Comment 3 Francesco Romani 2017-02-07 09:47:31 UTC

The issue here is that the HostMonitor is blocking and exhausting the executor resources. We need to know why HostMonitor blocks.

First thing: are the storage domain responsive?

Comment 4 Mark 2017-02-07 10:07:35 UTC

Hi,

Throughout the problem period both the host and storage domains remained in an active and 'up' state in hosted-engine. Using ssh, etc I could also directly connect to the guests in question.

Thanks,
Mark

Comment 5 Francesco Romani 2017-02-07 11:00:52 UTC

Unfortunately we only have vague hints in the provided logs.

It seems storage was not responding well, UpdateVolumes was slow:

vdsm.Scheduler::DEBUG::2017-01-29 07:06:50,195::executor::254::Executor::(_discard) Worker discarded: <Worker name=periodic/234 running Task(callable=<UpdateVolumes vm=580d810b-fd9b-45e8-bd4f-a8c462b4e4c1 at 0x7ff1e01edc10>, timeout=30.0) discarded at 0x2bf81d0>

but it seems the disruption started even earlier than that:

vdsm.Scheduler::DEBUG::2017-01-29 06:56:49,261::executor::254::Executor::(_discard) Worker discarded: <Worker name=periodic/220 running Task(callable=<UpdateVolumes vm=580d810b-fd9b-45e8-bd4f-a8c462b4e4c1 at 0x2a0f910>, timeout=30.0) discarded at 0x29b4350>
vdsm.Scheduler::DEBUG::2017-01-29 06:56:49,262::executor::196::Executor::(__init__) Starting worker periodic/234

Do you have the metrics enabled?
(/etc/vdsm/vdsm.conf, [metrics] section, enable = true)

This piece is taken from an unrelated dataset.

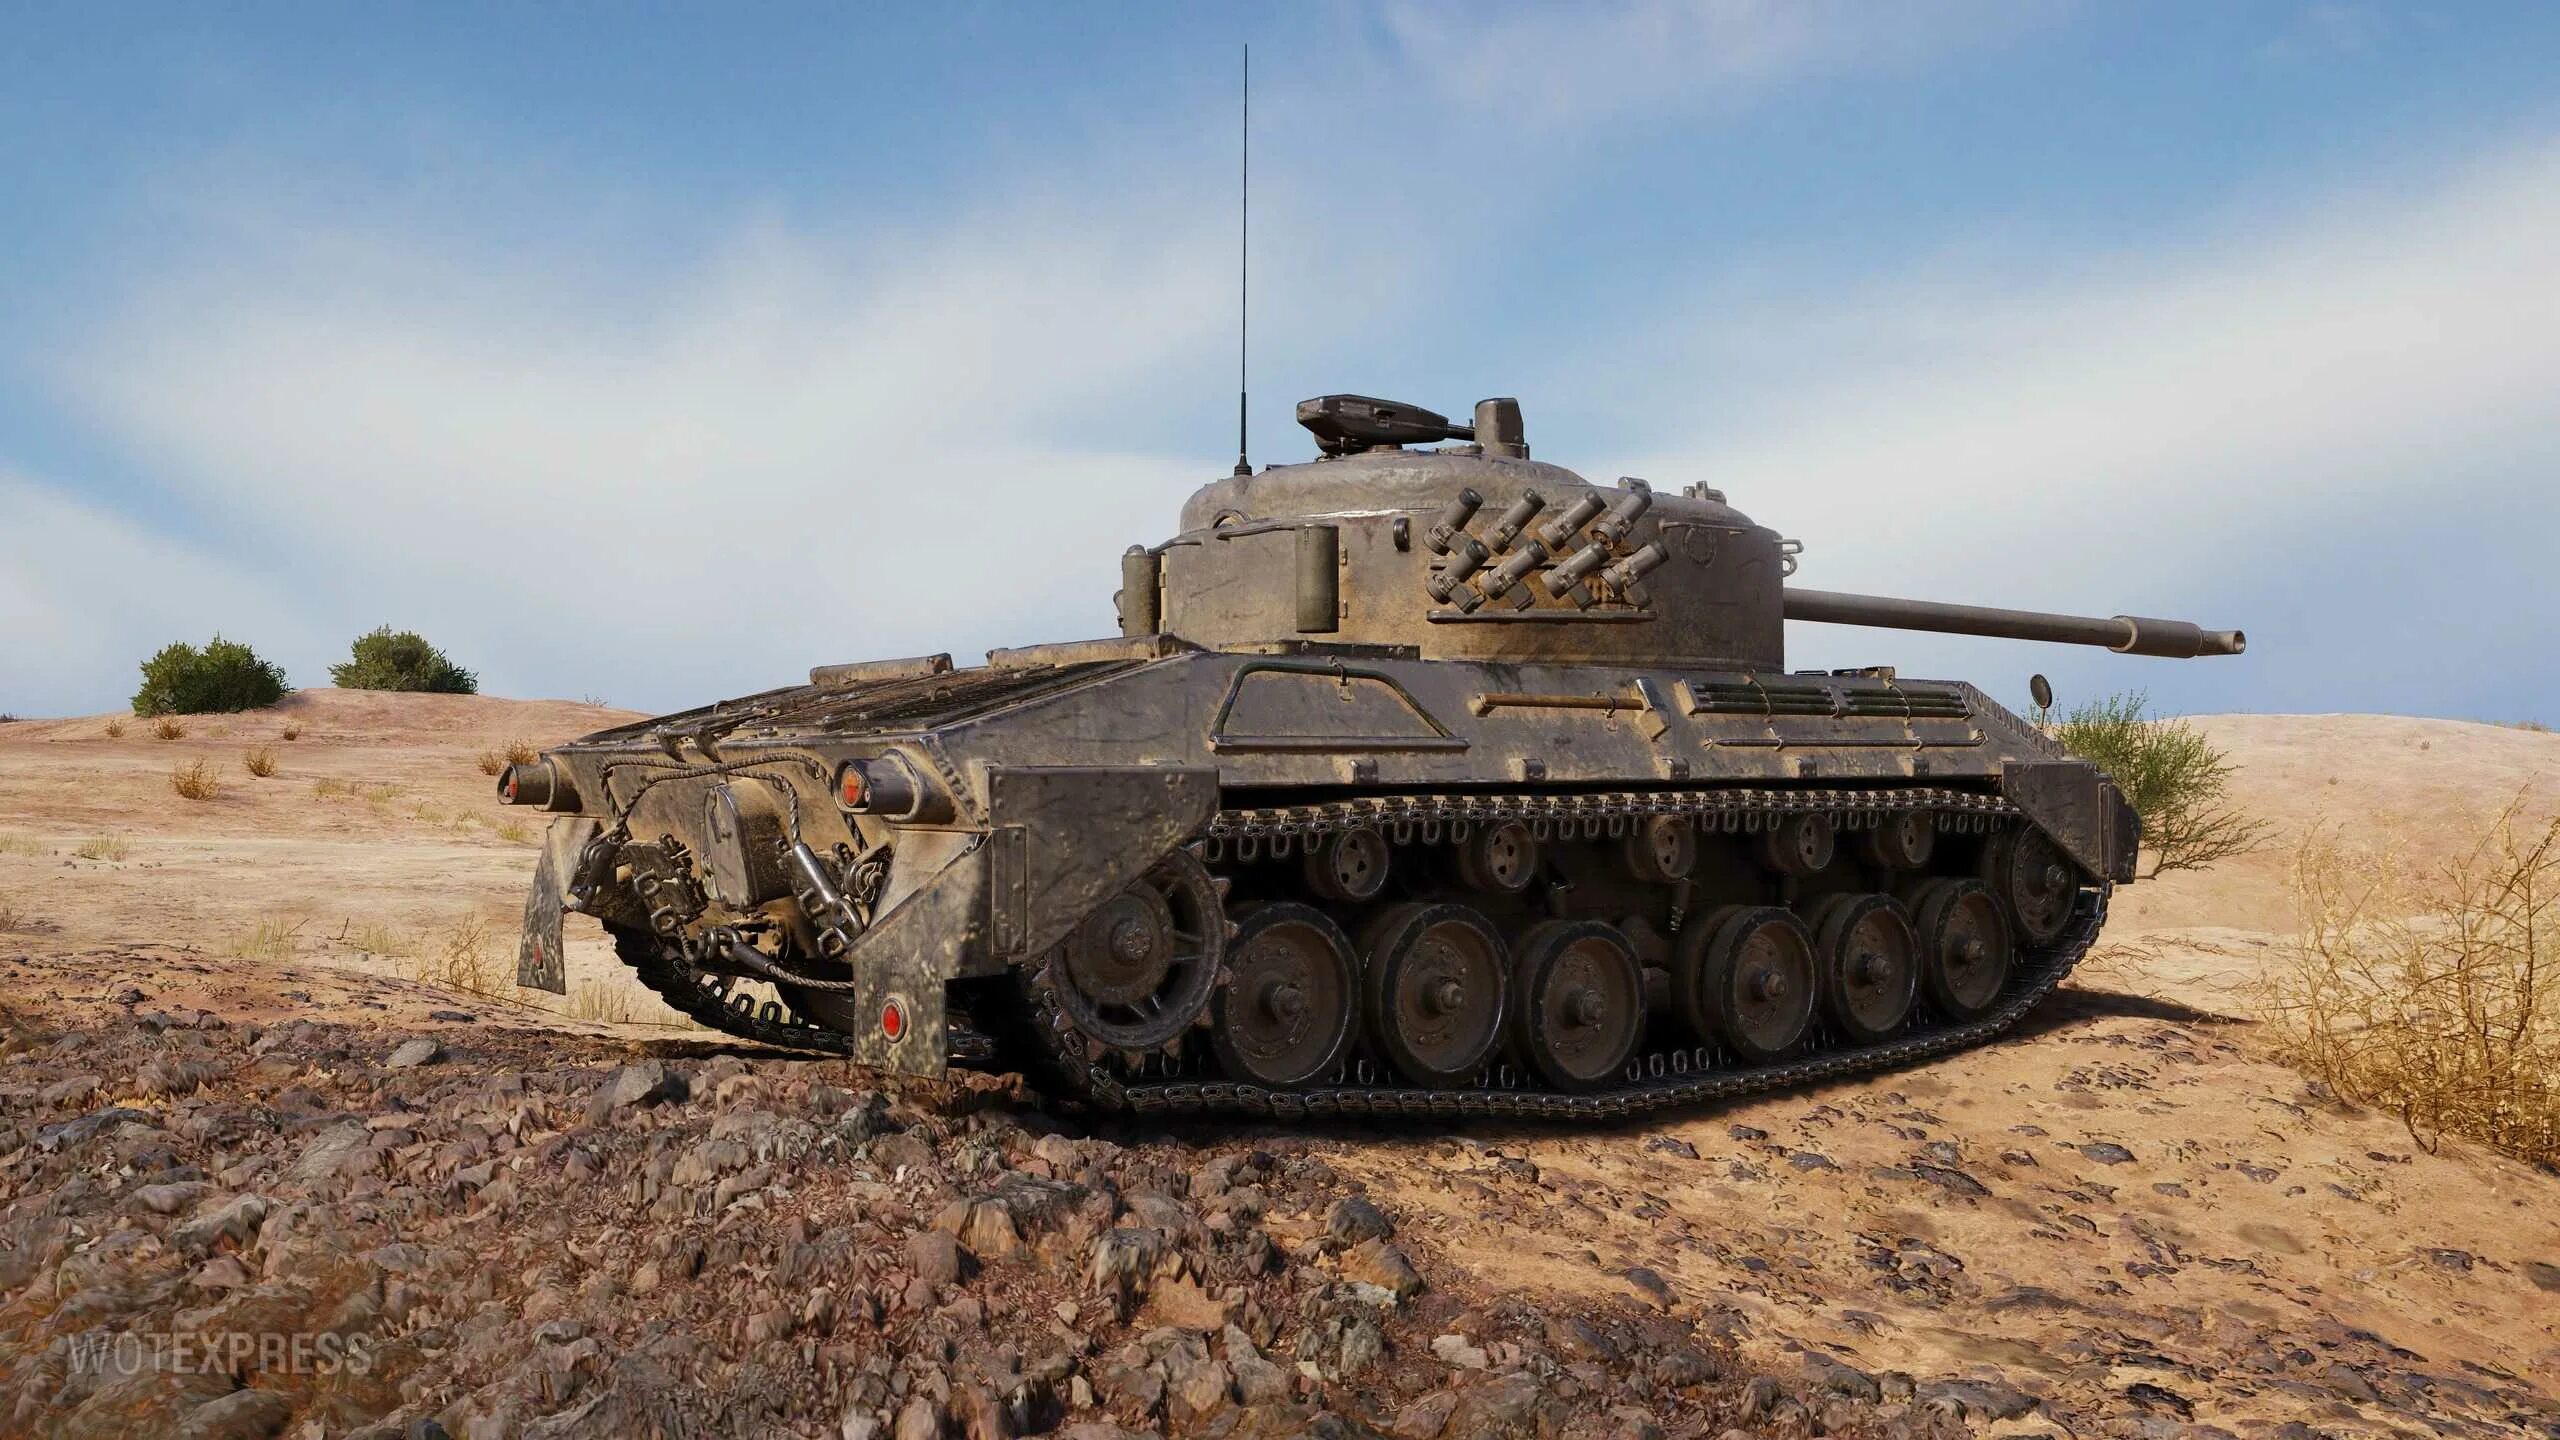 Немецкий танк 7. KPZ 07 rh. Kampfpanzer 07 rh танк. Танк KPZ 07 rh. КПЗ 07 танк.
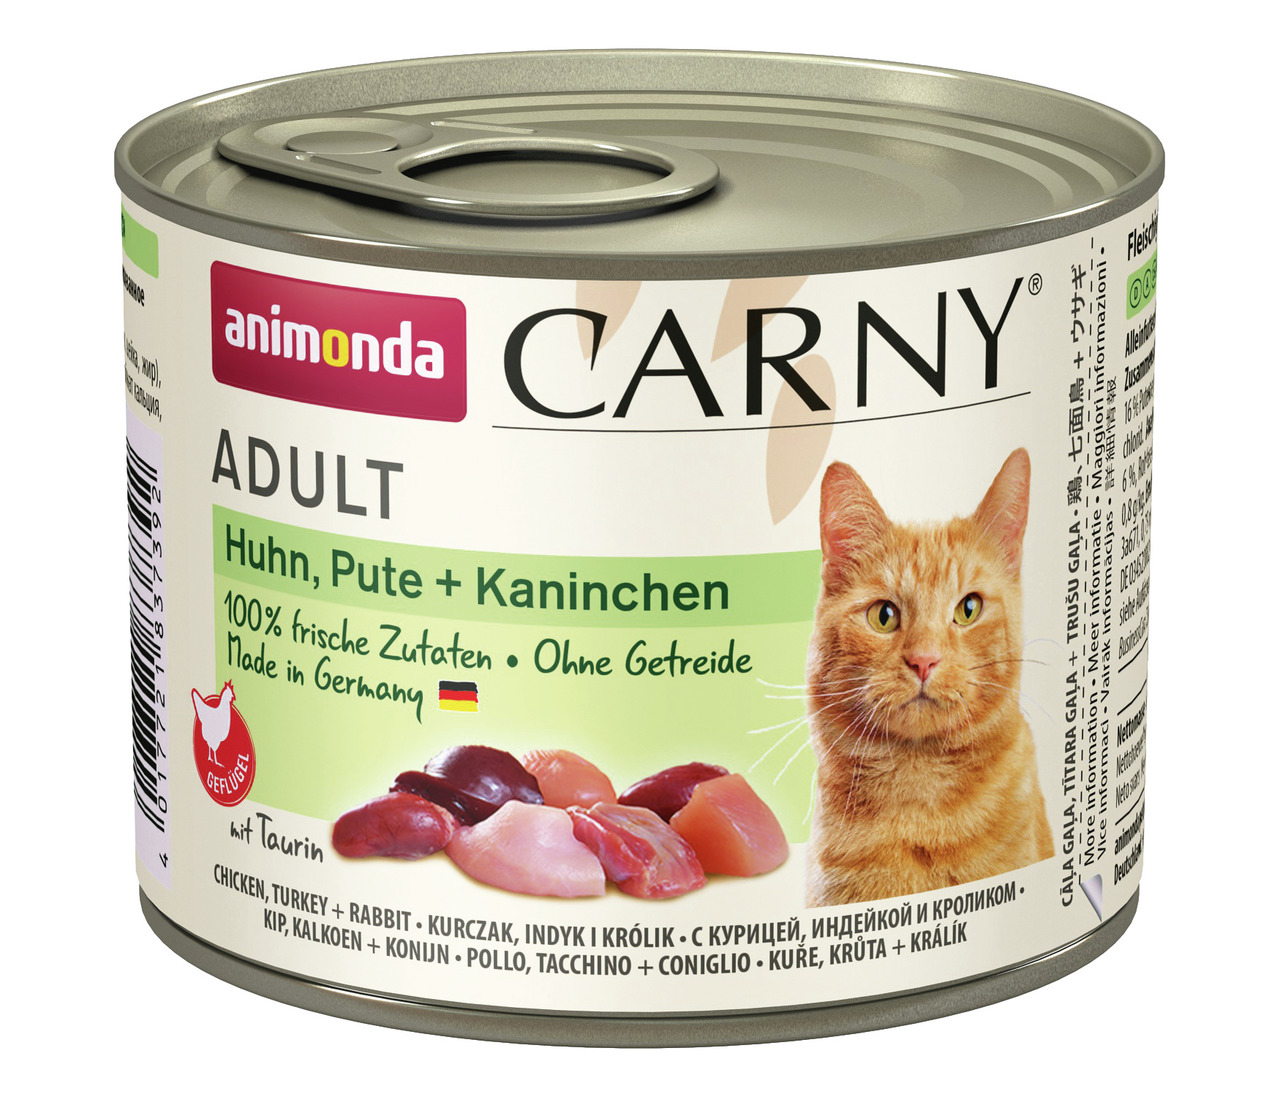 Animonda Carny Adult Huhn, Pute + Kaninchen Katzen Nassfutter 200 g

Comment 6 Mark 2017-02-07 12:03:45 UTC

Hi,

[root@uk1-ion-ovm-08 ~]# cat /etc/vdsm/vdsm.conf
[vars]
ssl = true

[addresses]
management_port = 54321

[root@uk1-ion-ovm-08 ~]#

We've just left that as default.

Any other logs that may be helpful?

I bounced the VDSMD service, the guests recovered and the monitor and queue full messages also cleared. However, we did keep getting intermittent “Guest x Not Responding “ messages being communicated by the Hosted Engine, in most cases the guests would actually almost immediately recover though. The odd occasion would result in guests staying “Not Responding” and me bouncing the VDSMD service again. The Host had a memory load of around 85% (out of 768GB) and a CPU load of around 65% (48 cores). I have since added another host to that cluster and spread the guests between the two hosts. This seems to have totally cleared the messages (at least for the last 5 days anyway).

Nothing else changed on that cluster other than adding a host and spreading the guests between them (same shared storage, number of storage domains, etc).

Thanks,
Mark

Comment 7 Pavel Gashev 2017-02-07 13:38:24 UTC

Please note that all worker slots are used by discarded workers. Why the discarded workers are not removed?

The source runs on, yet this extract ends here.